START Dataset content
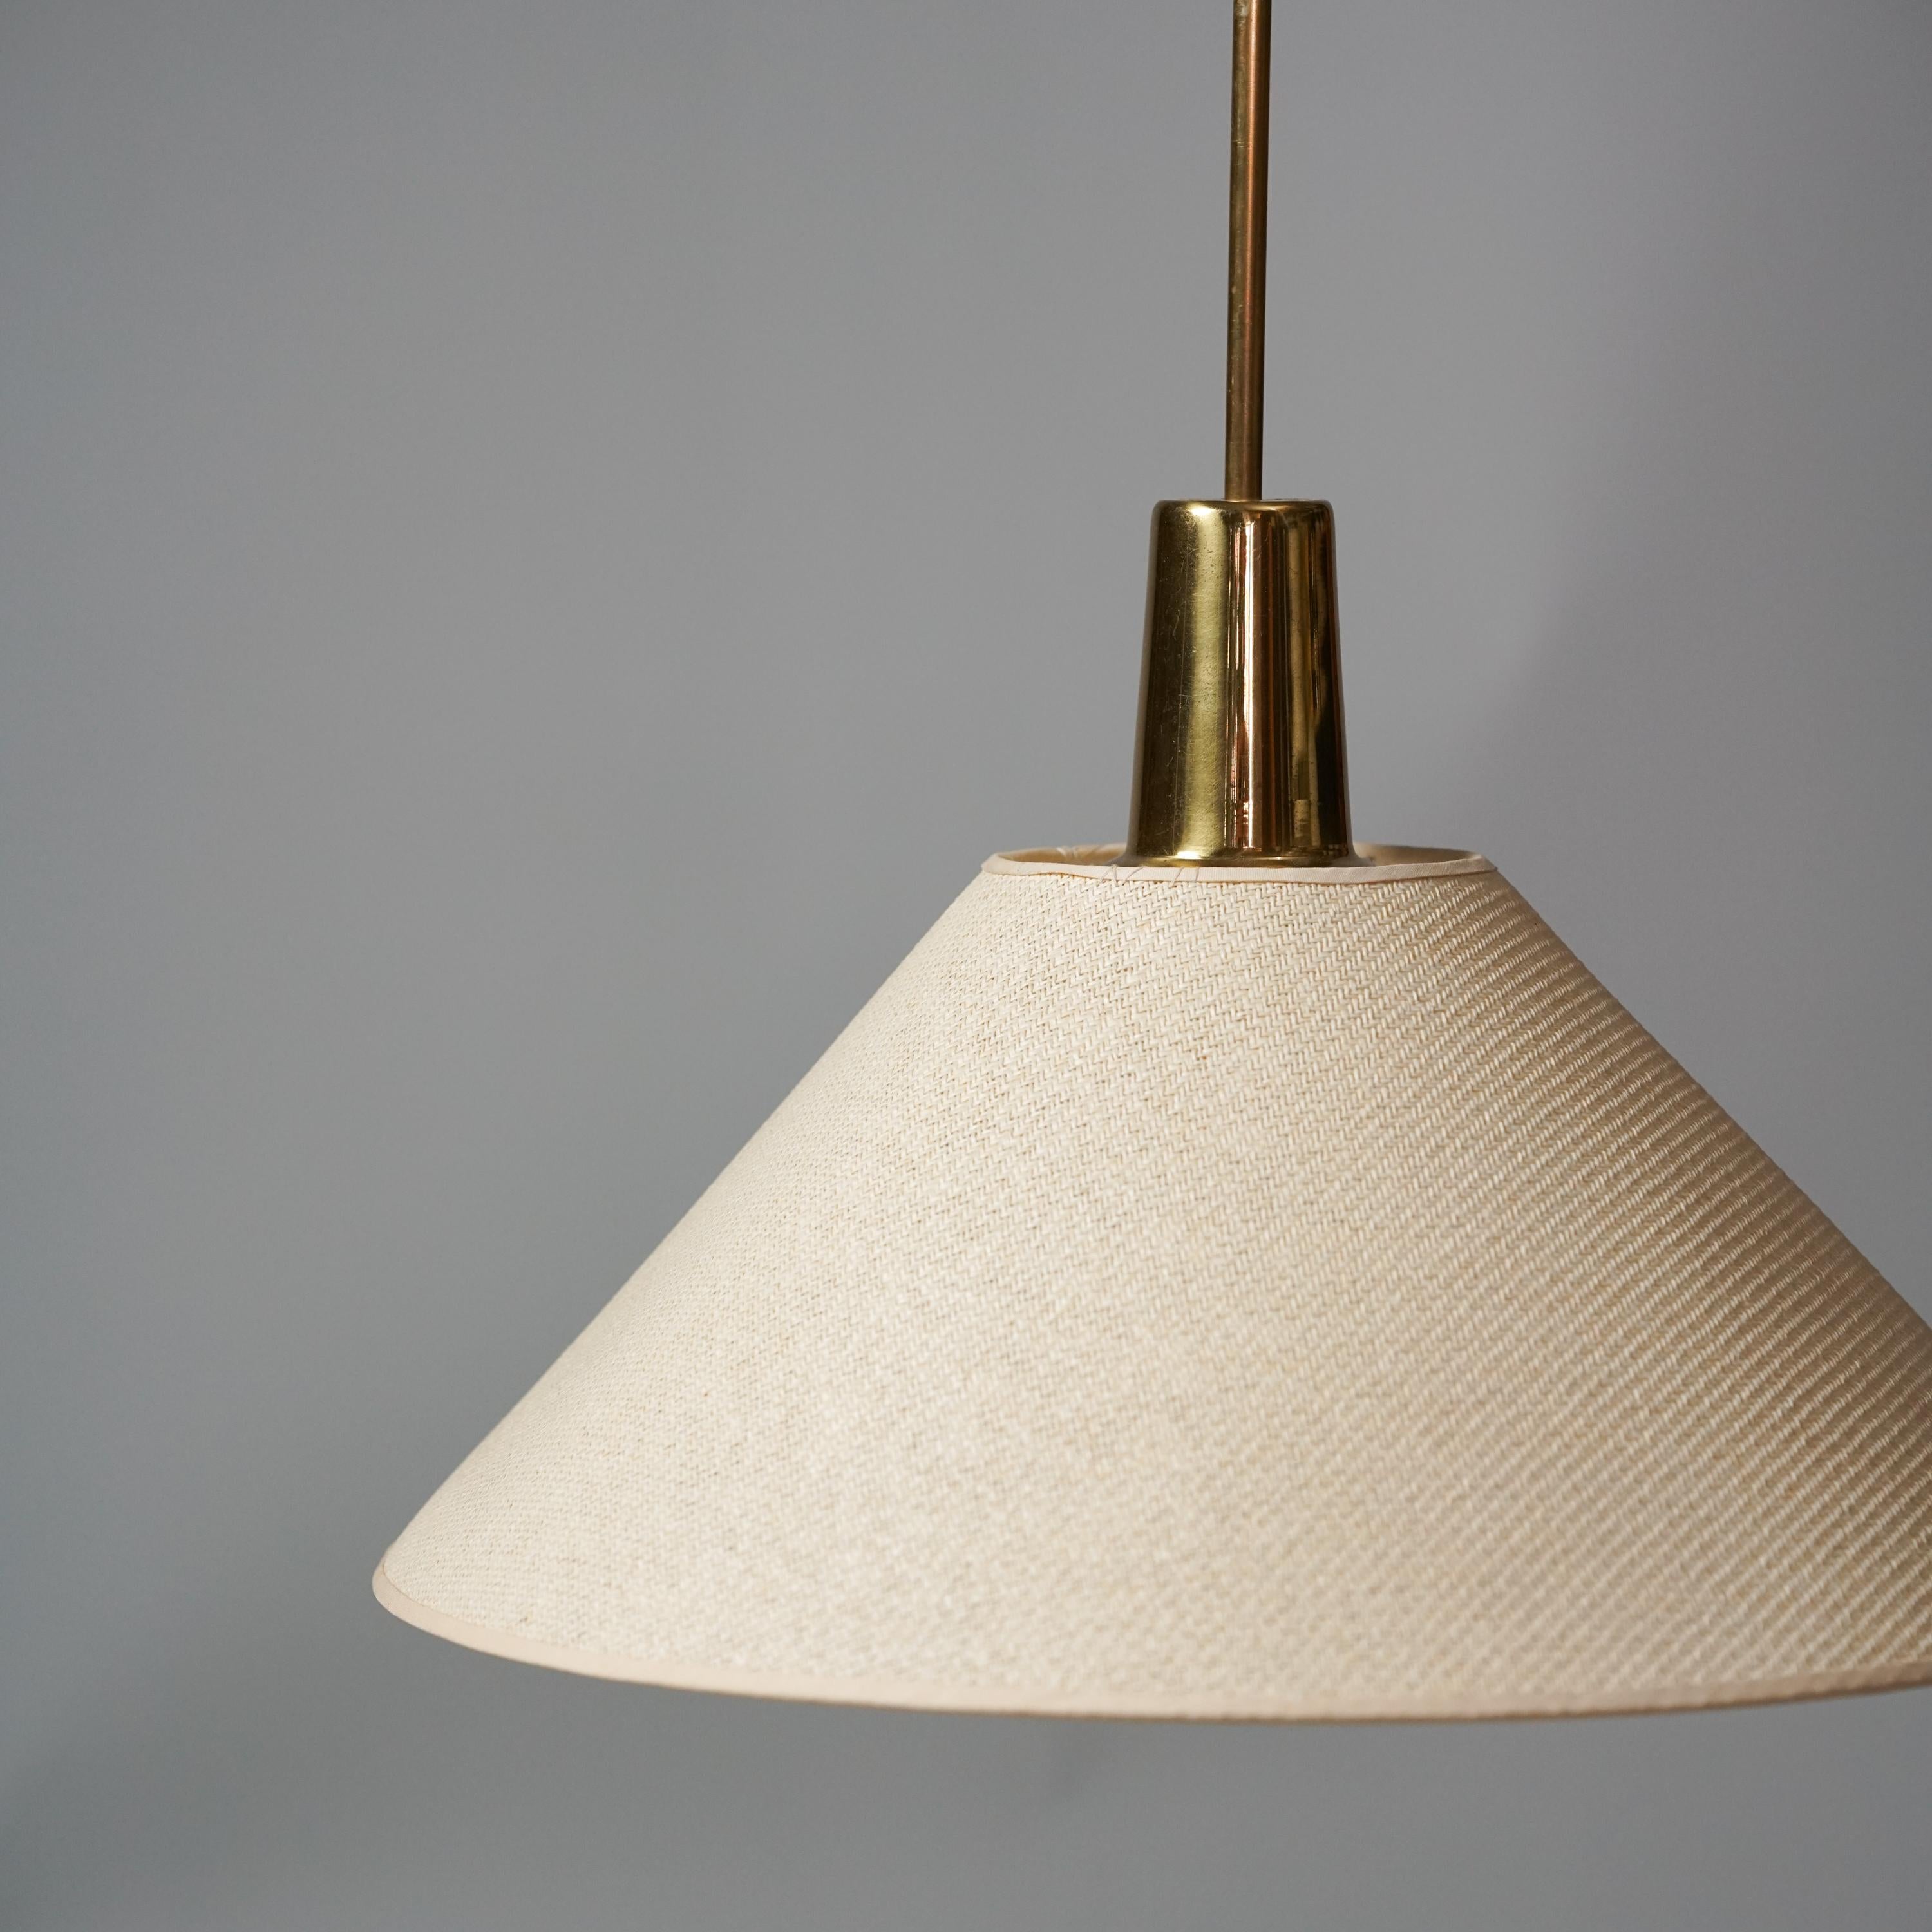 Rare Pendant by Lisa Johansson-Pape for Orno, 1950s. Brass, painted metal and fabric shade.  Good condition. 

This piece gives you beautiful light and a classic design of Lisa Johansson-Pape. 
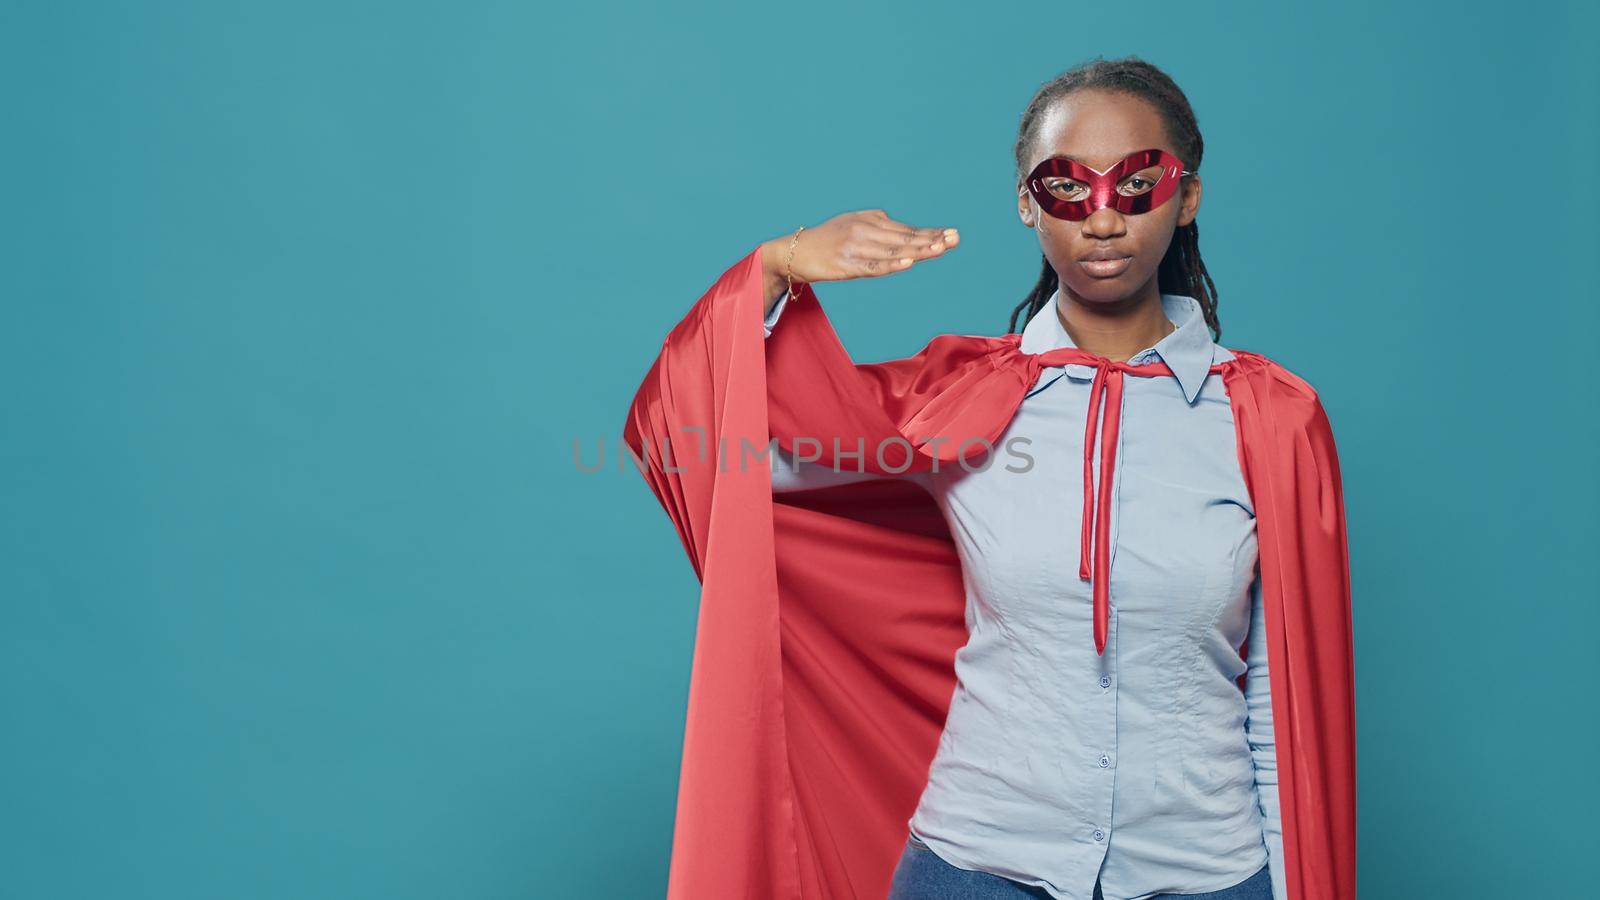 Portrait of woman superhero doing military salute to show motivation and respect. Wearing hero costume with red cape and mask, feeling confident and powerful over blue background in studio.
END Dataset content
* Requirement:
The reply should repeat the listing above exactly and contain no pictures.

* Task response:
 Rare Pendant by Lisa Johansson-Pape for Orno, 1950s. Brass, painted metal and fabric shade.  Good condition. 

This piece gives you beautiful light and a classic design of Lisa Johansson-Pape. 
 Portrait of woman superhero doing military salute to show motivation and respect. Wearing hero costume with red cape and mask, feeling confident and powerful over blue background in studio.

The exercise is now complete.